A medical examiner in Florida told Reuters that Tran had “stab-type wounds” from airbag shrapnel that contributed to her death, which was originally investigated as a homicide due to the nature of her wounds.

“A Honda spokesman said the company had not seen the suit and could not yet comment. He said Honda encouraged owners of recalled cars to get their vehicles fixed.” A Takata spokesman declined to comment.

Takata airbags are the target of a US safety investigation that started earlier this year over the risk that they could explode during an accident, spraying metal shards. More than 16 million vehicles made by nearly a dozen different carmakers have been recalled globally over the problematic parts since 2008.

Tran's death is the most recent of four in the US known to be linked to Takata airbags in Honda vehicles. Three of those deaths, including Tran's, were in Honda Accords, the lawsuit said. Honda has also identified a fifth airbag-related fatality in Malaysia.

“OWNERS WEREN’T WARNED”

The lawsuit accused Honda of failing to adequately warn car owners about the potential dangers, even after it had issued recalls and received reports about airbag-related injuries and deaths. Between 2009 and 2014, at least eight serious injuries were linked to the airbags, the suit said.

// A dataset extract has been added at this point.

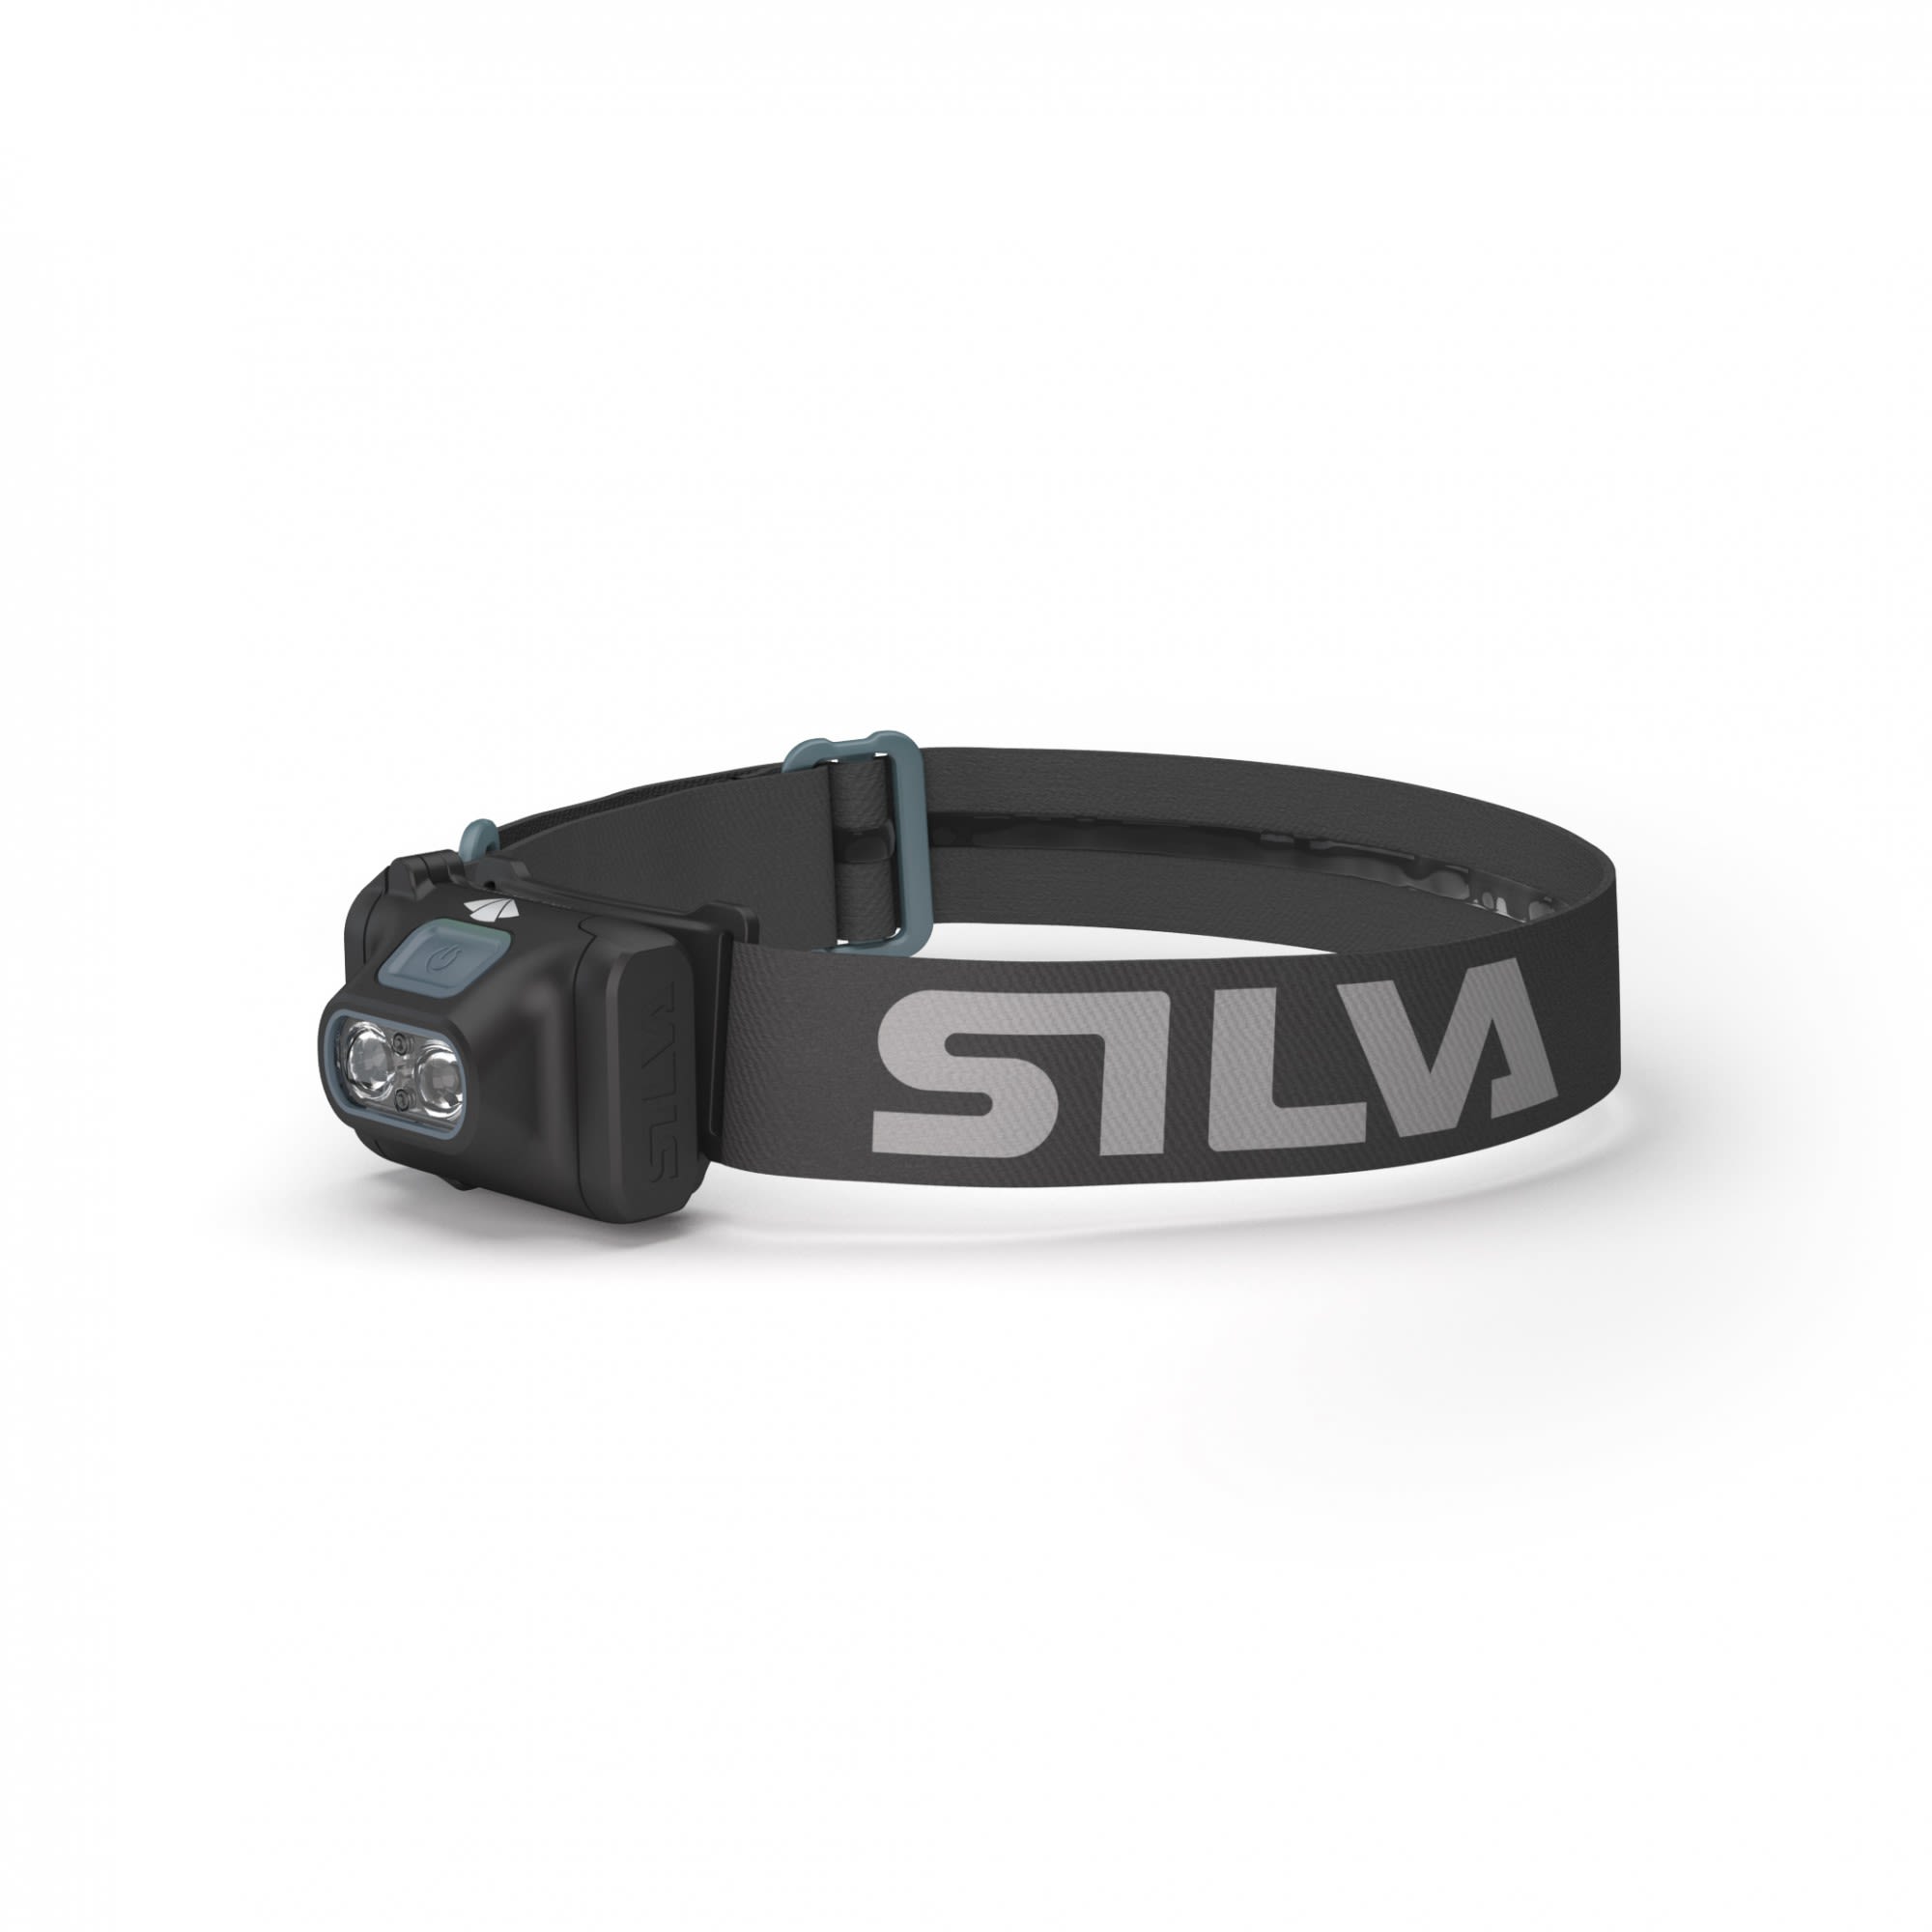 Silva Scout 3XT Schwarz- Stirnlampen- Grsse One Size - Farbe Black - Blue unter Silva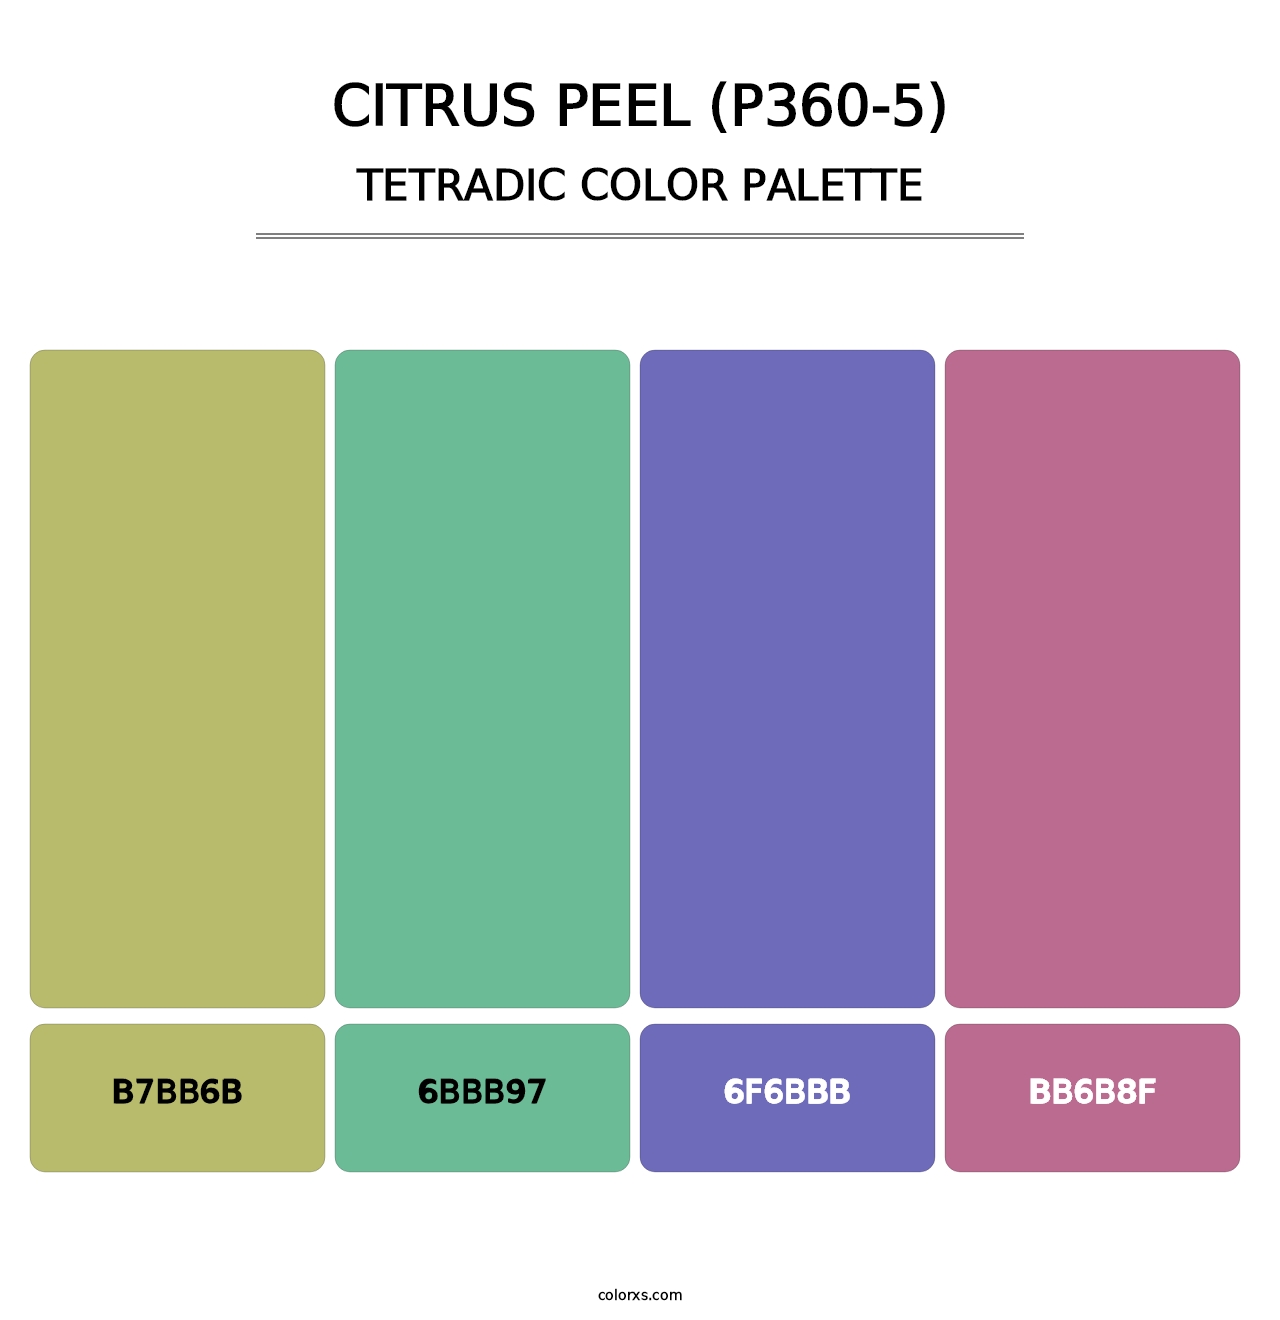 Citrus Peel (P360-5) - Tetradic Color Palette

The lawsuit cited a September 22 message from Honda to its dealer network telling them not to “proactively contact customers at this time” about the issue because there were not enough replacement parts. That message went out a week before Tran's accident, the lawsuit said.

“She didn't know about it, because she never got a recall notification until after she was dead,” Didier told Reuters.

In addition to several personal-injury and wrongful-death suits, Takata, Honda and other carmakers affected by the recalls face more than 15 proposed class actions from customers who say the safety issues caused their vehicles' value to plummet.